Go to the line containing "Turbo/R Purple/Red/Silver Bowling Ball" in the material below. From there to the end, retype every line exactly and drop the pictures.

= DATA =
□ □ □ □ □ □ □

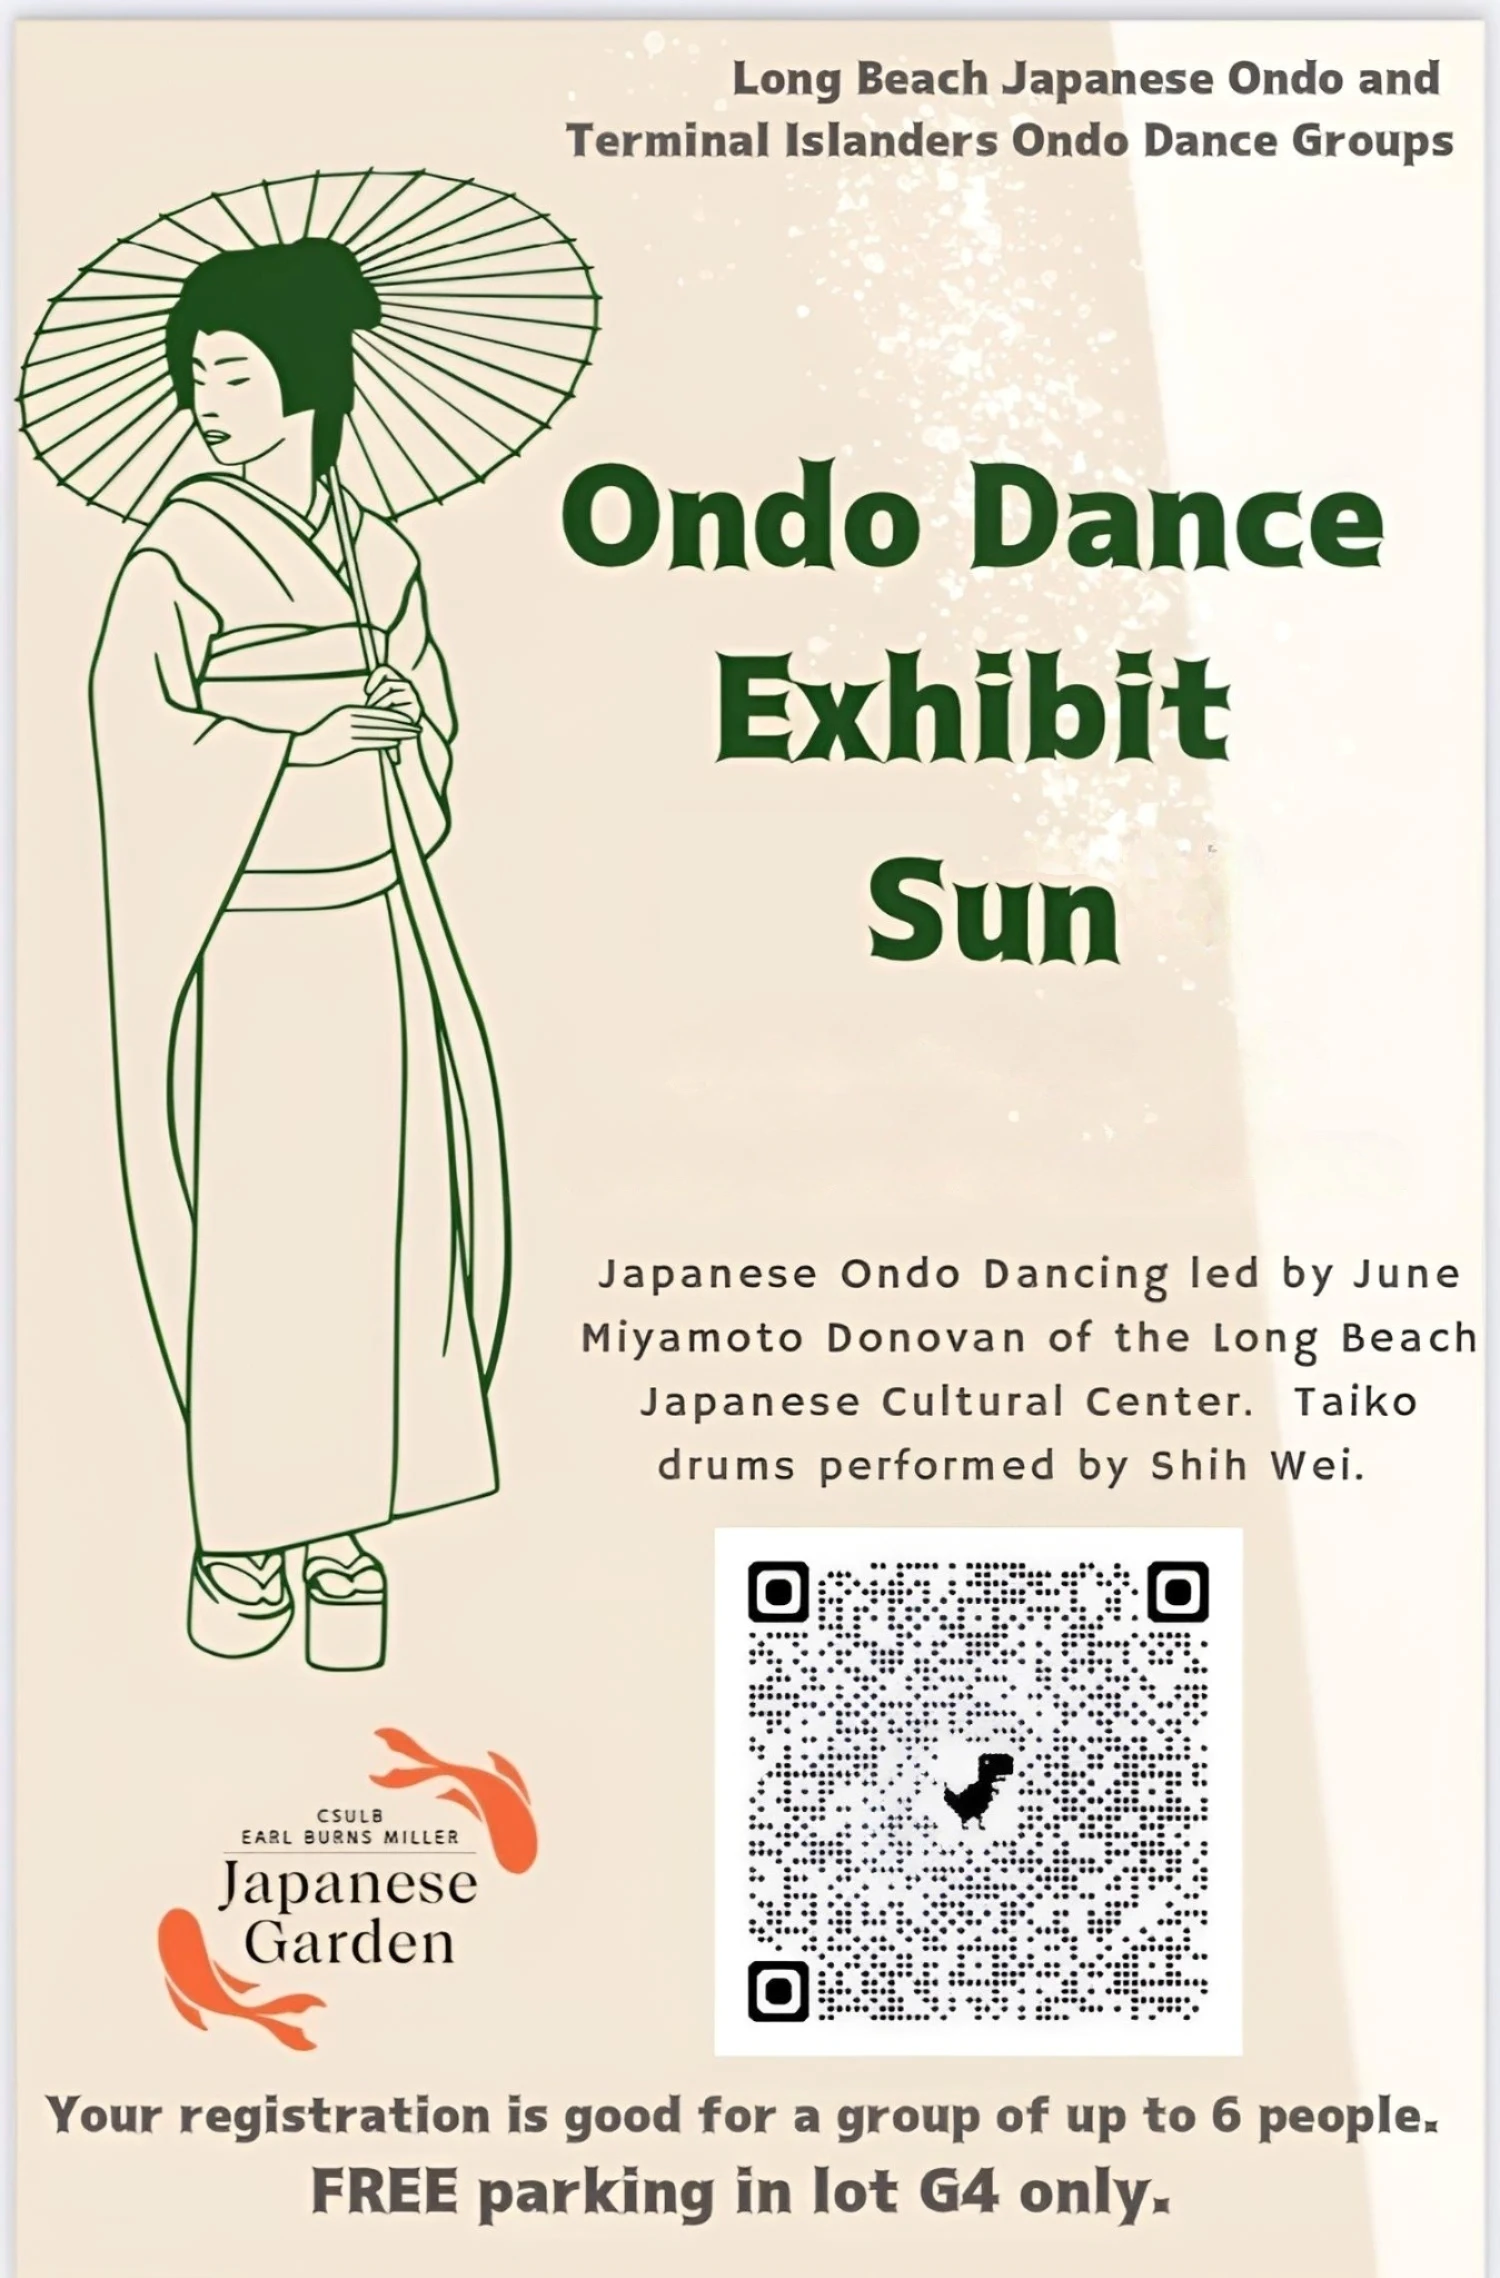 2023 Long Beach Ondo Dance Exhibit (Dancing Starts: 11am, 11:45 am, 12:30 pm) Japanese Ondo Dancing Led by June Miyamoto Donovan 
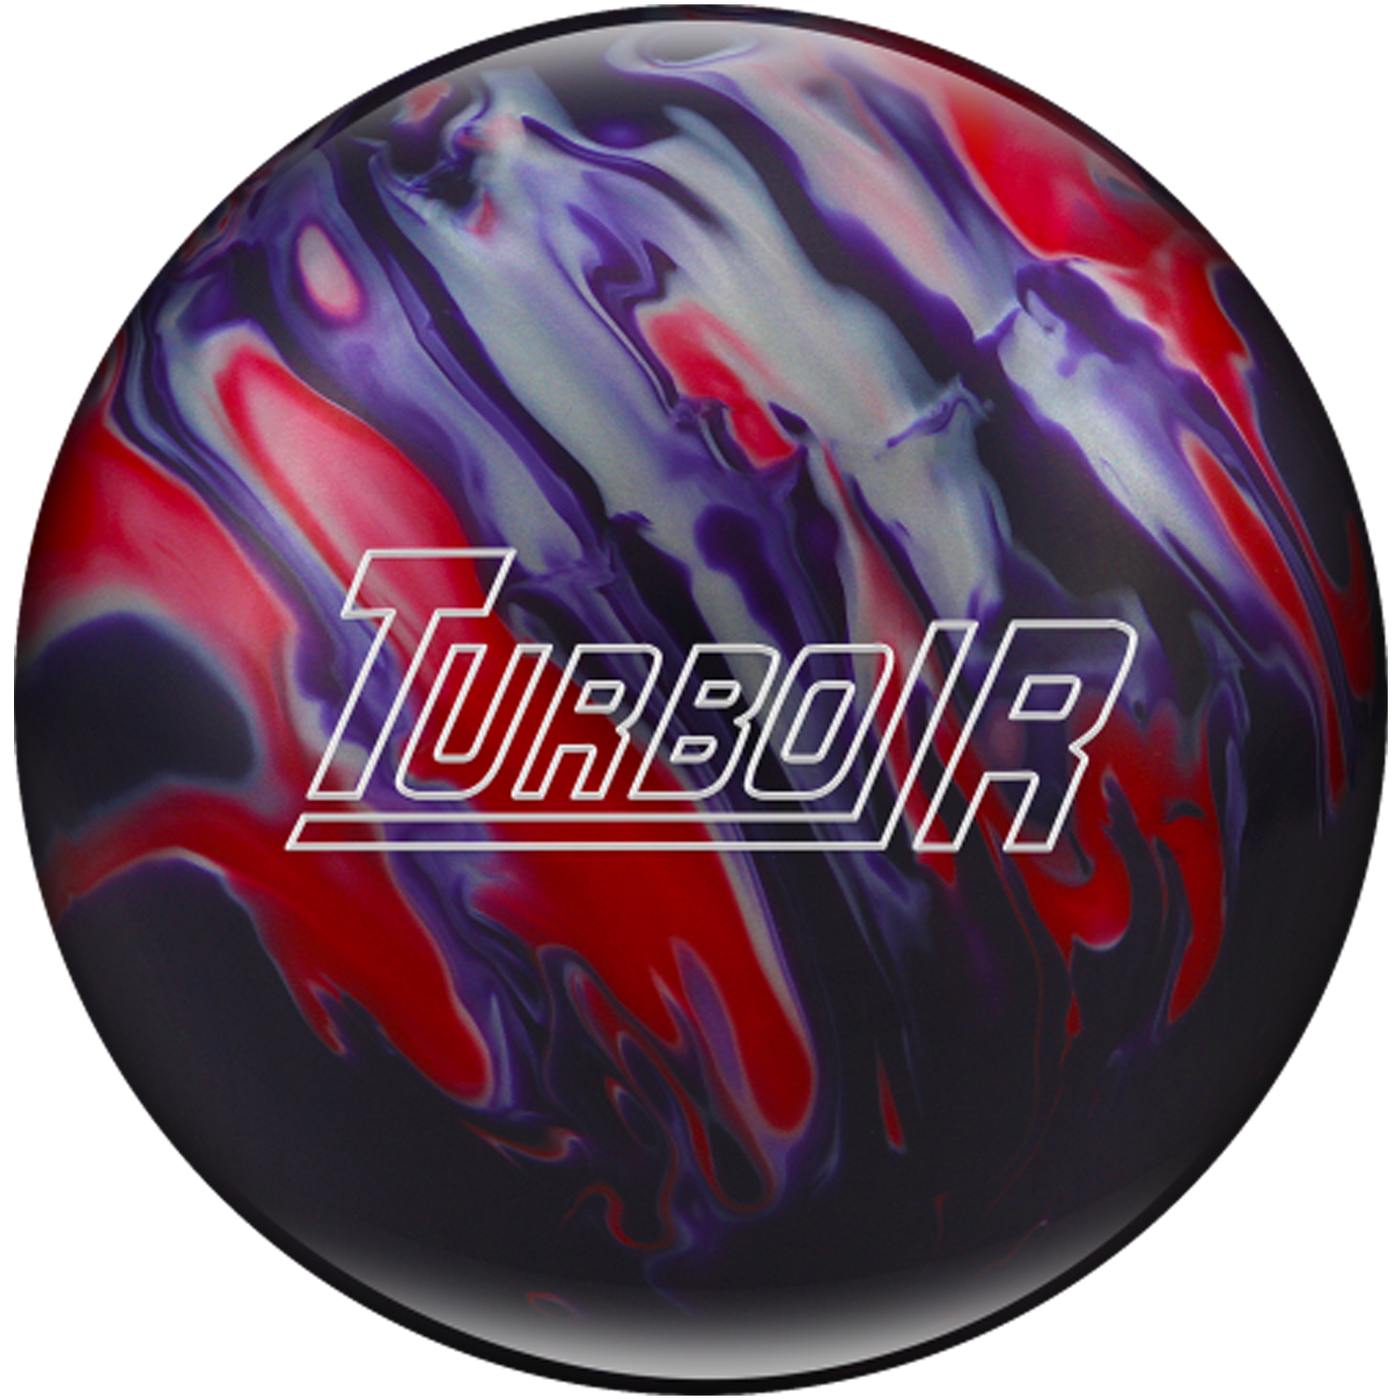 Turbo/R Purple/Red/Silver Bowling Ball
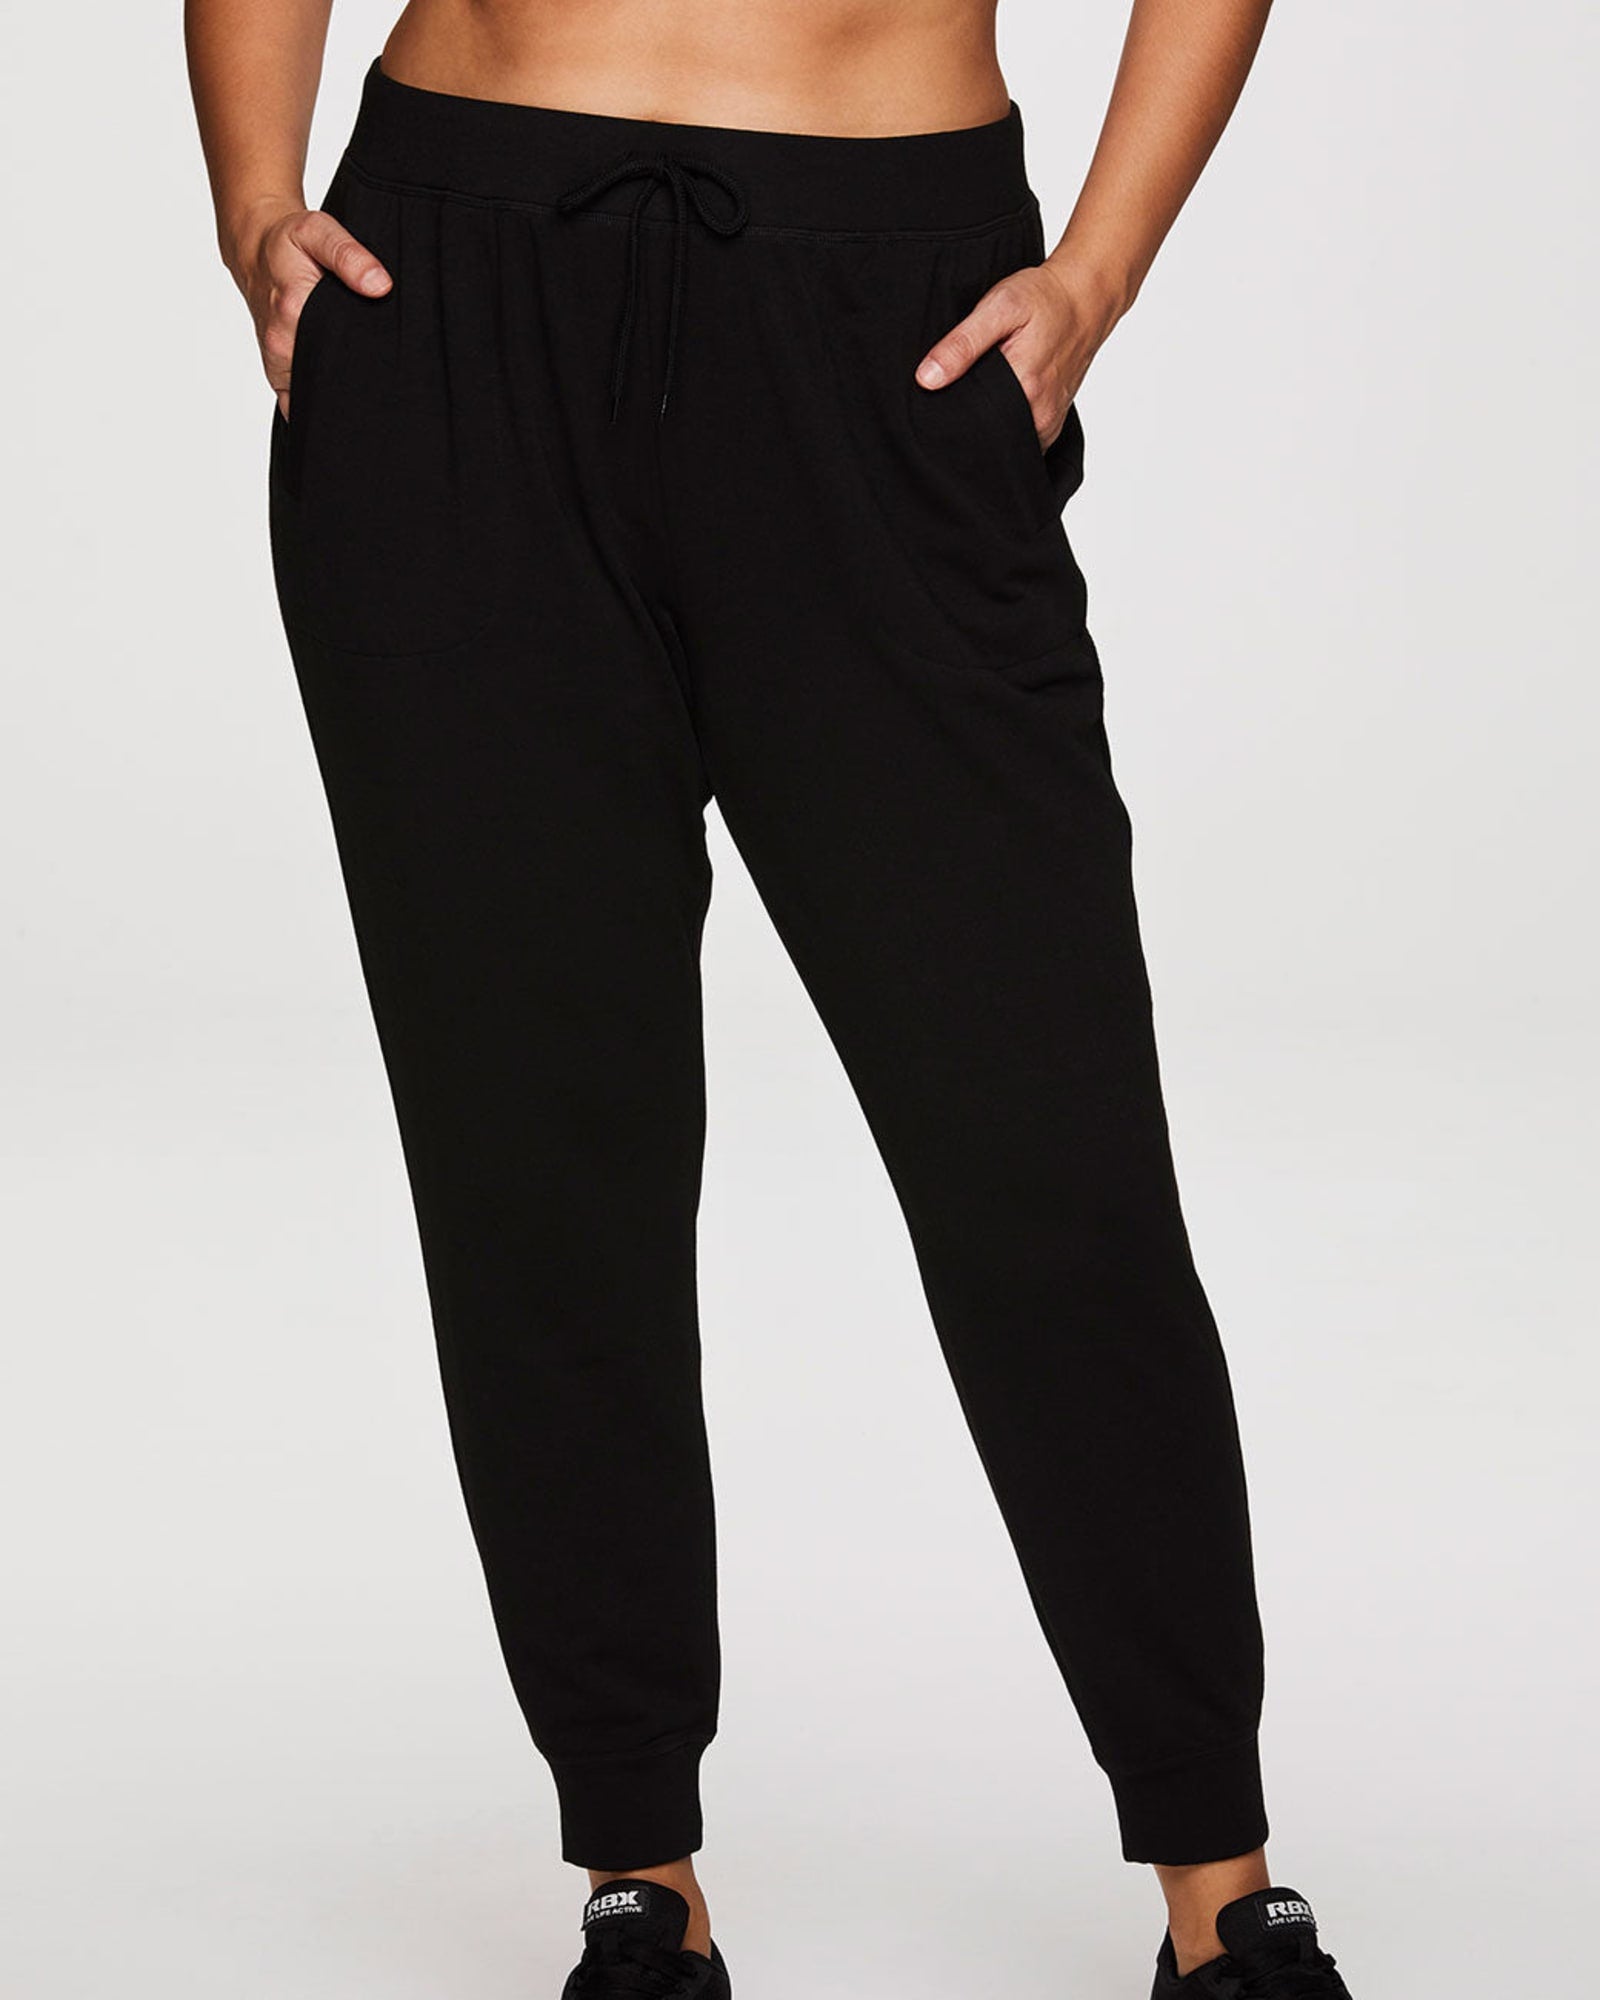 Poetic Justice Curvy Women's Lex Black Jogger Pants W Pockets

□ □ □ □ □ □ □

= WRITTEN SOLUTION =
 Turbo/R Purple/Red/Silver Bowling Ball
 Poetic Justice Curvy Women's Lex Black Jogger Pants W Pockets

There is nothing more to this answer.